Forgetting fiction is one thing but I would certainly like to remember more of the nonfiction books I read (or listen to as is more often the case). I feel like that’s the whole point of even reading nonfiction: to learn new stuff but if I can’t remember most of it then it’s almost pointless.


Right after I develop the self discipline to stop scrolling thru boing boing comments, I will dedicate the time to select a book and read it in a focused way. Then I will try this the next time.


I can’t see doing this for anything not nonfiction.

I did the same on an analog approach, but I’ve switched my commonplace notebook into an index file for serious work. I just find it easier to shuffle and scan, easier even than building something like a wiki.
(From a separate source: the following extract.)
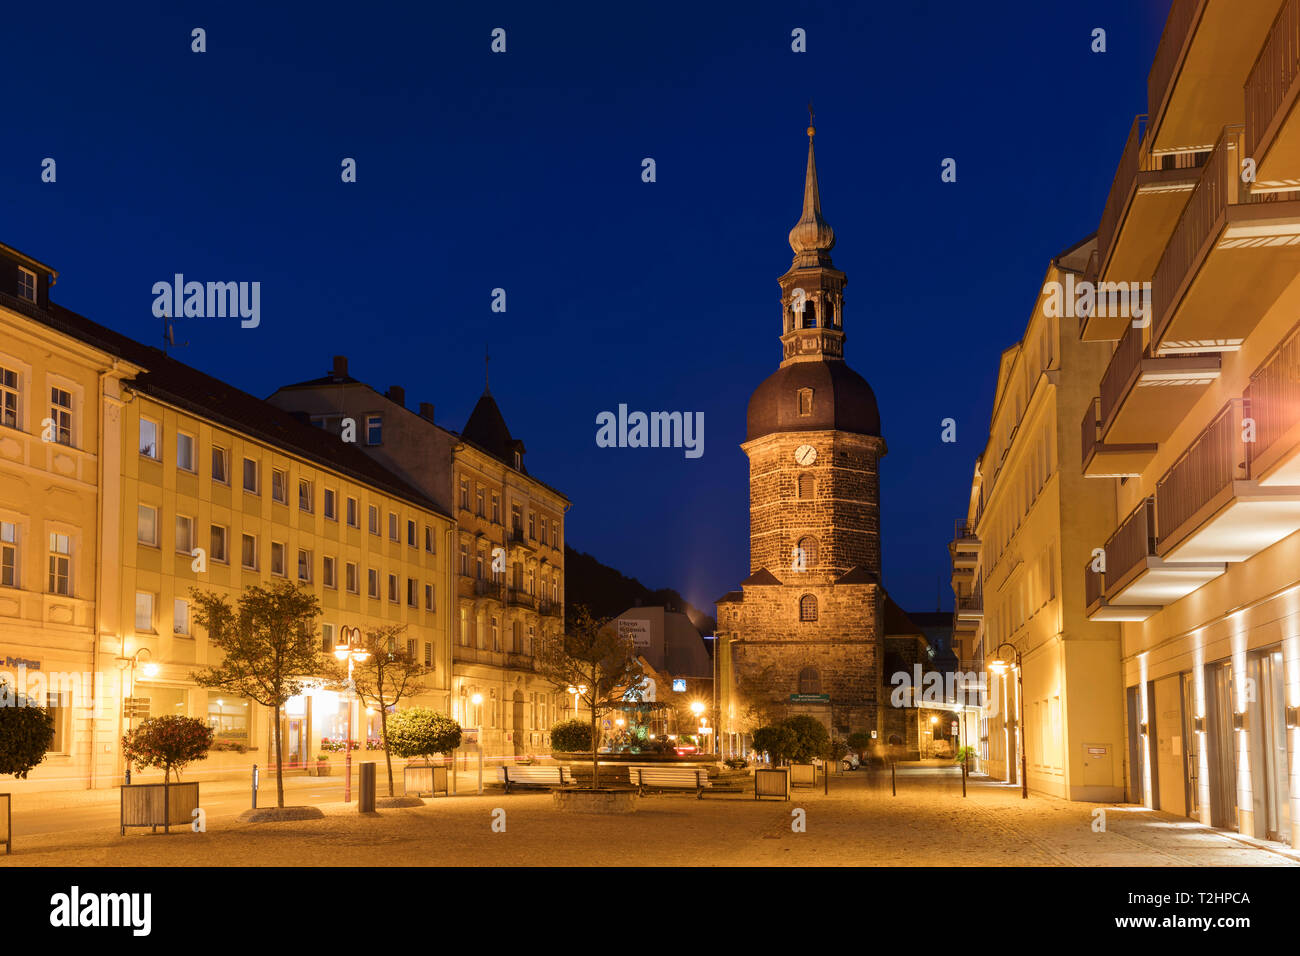 Kirchengemeinde St. Johannis de nuit à Bad Schandau, Allemagne, Europe Banque D'Images

You are a Tenth Generation AI hologrammatic computer, possibly in charge of running operations on a mining vessel, and I claim my £5.

Strange, I wasn’t even considering non-fiction and I do read a fair amount of it. Would not have worked for Heidegger’s Being and Time tho I was using yellow marker on that one but gave up pretty quickly when I realized literally every thing I’d read so far was marked in yellow. ‘Malcolm in the Middle’ did that as a joke also, which cracked me up.


Heidegger? I wish I could get my time used back.
Although, his prose does groove:

That’s a great system…I always say I’m going to do that, since there have been many times that I recall something interesting but can’t locate it again. But inevitably I get lazy and just read the book.

I can’t imagine doing what the article says, unless you’re really trying to deep-learn a difficult topic.